If Professor Dalman cannot see that the proposition in the first sentence is extremely disturbing to the traditional belief in its Unitarian form, and that the second is a mere petitio principii which cannot save the situation, other people can see it. His scholarship gives him no “eminent domain” over logic; and it does not require a knowledge of Aramaic to detect the weakness of his reasoning. Fifty experts in Aramaic carry no weight for a thinking man on such a non-linguistic issue; and he who defers to them as if they did is but throwing away his birthright. When again Dalman writes (p. 60) that “Peter must have appeared ([Acts x, 24]) from a very early date as a preacher in the Greek language,” he again raises an insoluble problem for the traditionalists of all schools, and his scholarly status is quite irrelevant to that.
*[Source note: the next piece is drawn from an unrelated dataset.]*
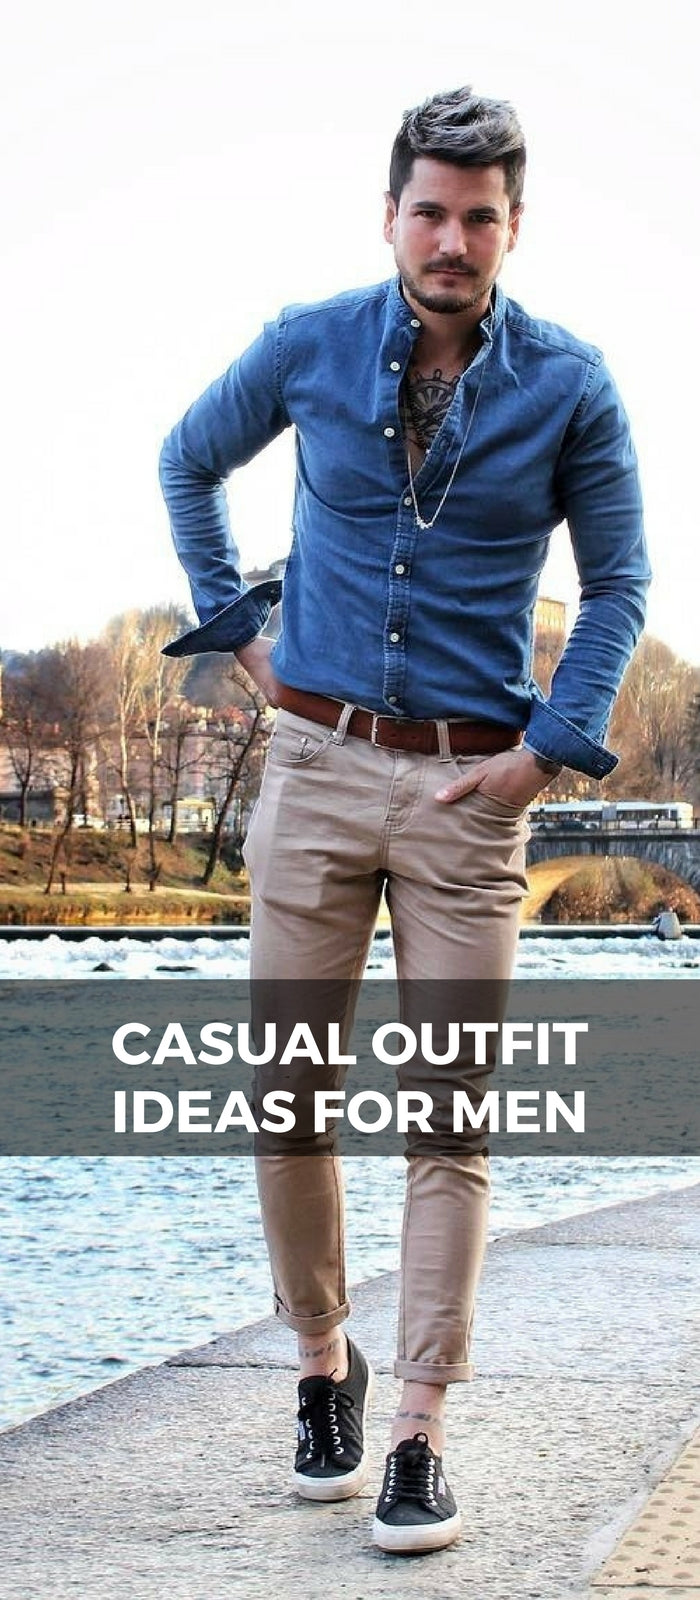 Casual Outfit Ideas For Men

When, yet again, he writes (p. 71) that “what is firmly established is only the fact that Jesus spoke in Aramaic to the Jews,” his mastery of Aramaic has nothing to do with the case. He is merely taking for granted the historicity of the main tradition; and until he faces the problems he has ignored (having, as he may fairly claim, been occupied with others), and repelled the criticisms which that tradition incurs, his vote on the unconsidered issue has no more value to a rational judgment than any other. I have seldom read a scholarly treatise more satisfying than his within its special field, or more provocative of astonishment at the extent to which specialism can close men’s eyes to the problems which overlap or underlie theirs.
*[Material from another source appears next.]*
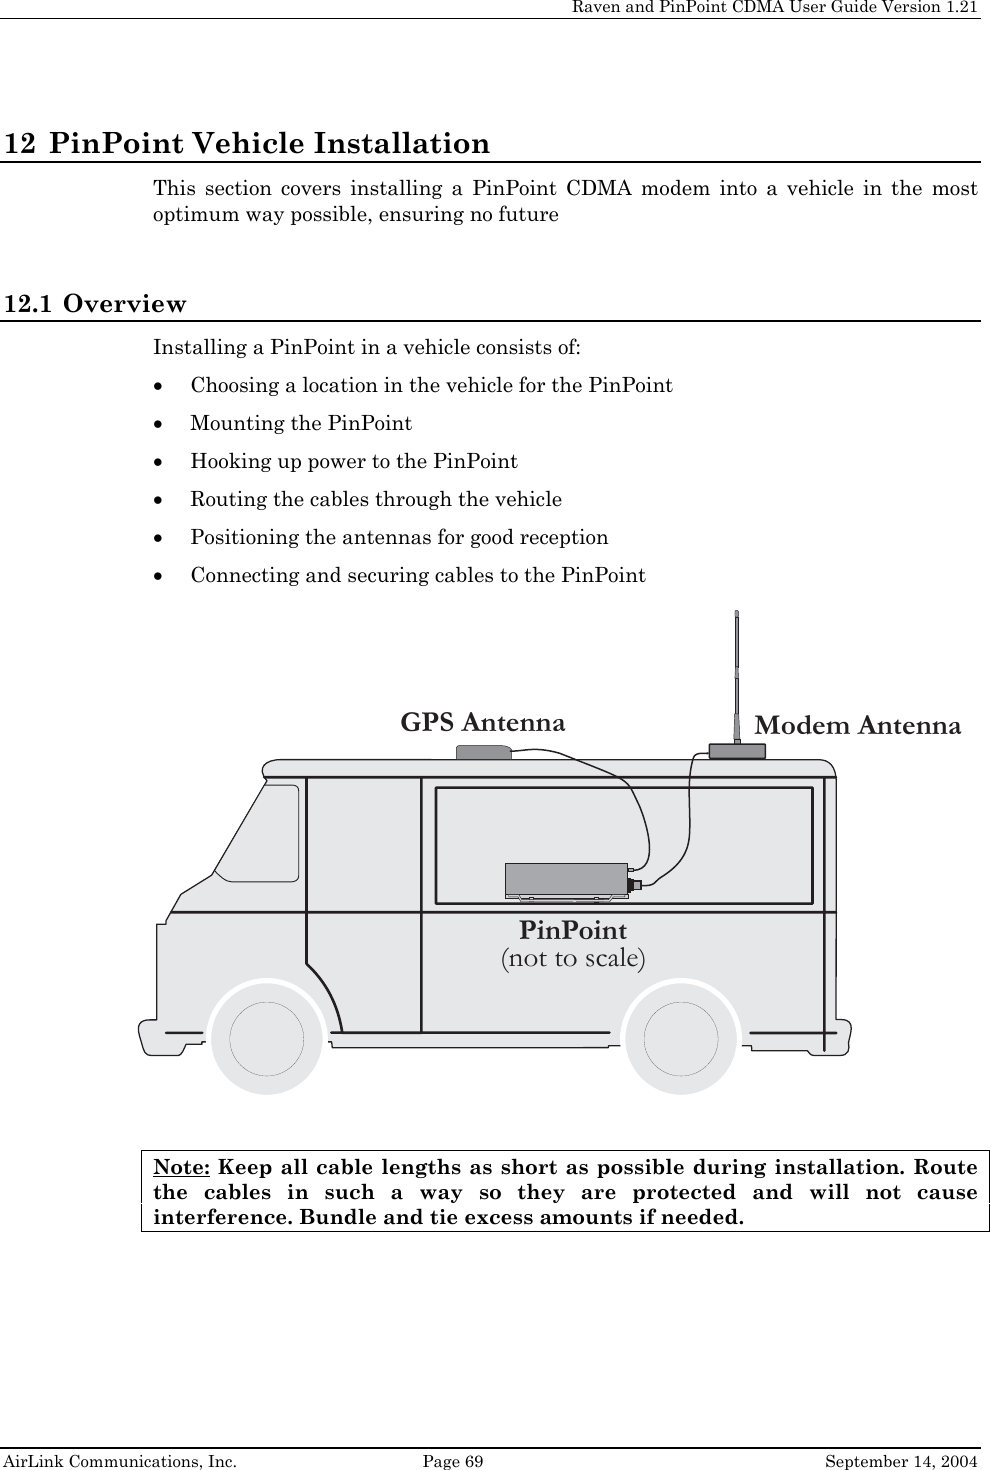     Raven and PinPoint CDMA User Guide Version 1.21  AirLink Communications, Inc.  Page 69  September 14, 2004 12 PinPoint Vehicle Installation This section covers installing a PinPoint CDMA modem into a vehicle in the most optimum way possible, ensuring no future  12.1 Overview Installing a PinPoint in a vehicle consists of: • Choosing a location in the vehicle for the PinPoint • Mounting the PinPoint • Hooking up power to the PinPoint • Routing the cables through the vehicle • Positioning the antennas for good reception • Connecting and securing cables to the PinPoint  Modem AntennaGPS AntennaPinPoint(not to scale)Note: Keep all cable lengths as short as possible during installation. Route the cables in such a way so they are protected and will not cause interference. Bundle and tie excess amounts if needed.

And that is the consideration that has to be realized by those who talk of scholarship (meaning simply what is called New Testament scholarship) settling a historical problem which turns upon anthropology, mythology, hierology, psychology, and literary and historical science in general. On these sides the scholars in question, “Wir Gelehrten vom Fach,” as the German specialists call themselves in the German manner, are not experts at all, not even amateurs, inasmuch as they have never even realized that those other sciences are involved. They have fallen into the rôle of the pedant, properly so-called, who presumes to regulate life by inapplicable knowledge. And even those who are wholly free of this presumptuous pedantry, the sober, courteous, and sane scholars like Professor Schmiedel, whose candour enables him to contribute a preface to such a book as Professor W. B. Smith’s Der vorchristliche Jesus, to whose thesis he does not assent—even these, as we have seen, can fail to realize the scope of the problem to the discussion of which they have contributed.
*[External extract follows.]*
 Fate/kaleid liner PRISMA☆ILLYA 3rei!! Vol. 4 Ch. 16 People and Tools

Professor Schmiedel’s careful argument from “derogatory” episodes in the gospel of Mark, be it repeated, is not merely inconclusive; it elicits a rebuttal which turns it into a defeat. Inadequate even on the textual side, it is wholly fallacious on the hierological and the mythological; and no more than the ordinary conservative polemic does it recognize the sociological problem involved. For those who seek to study history comprehensively and comprehendingly, the residuum of the conservative case is a blank incredibility. Even Dalman, after the closest linguistic and literary analysis, has left the meaning of “the Kingdom of God” a conundrum;[4] and the conservative case finally consists in asserting that Christianity as a public movement arose in the simple announcement of that conundrum—the mere utterance of the formula—throughout Palestine by a body of twelve apostles, who for the rest “cast out devils,” as instructed by their Teacher. The “scholarship” which contentedly rests facing that vacuous conception is a scholarship not qualified finally to handle a great historical problem as such. It conducts itself exactly as did Biblical scholarship so long in face of the revelations of geology, and as did Hebrew scholarship so long over the problem of the Tabernacle in the wilderness.

Deeply learned men, in the latter case, went on for generations solemnly re-writing history in the terms of the re-arranged documents, when all the while the history was historic myth—perceptible as such to a Zulu who had lived in a desert. And when the Zulu’s teacher proved the case by simple arithmetic, he met at the hands alike of pedants and of pietists a volley of malignant vituperation, the “religious” expert Maurice excelling many of the most orthodox in the virulence of his scorn; while the pontifical Arnold, from the Olympian height of his amateurism, severely lectured Colenso for not having written in Latin.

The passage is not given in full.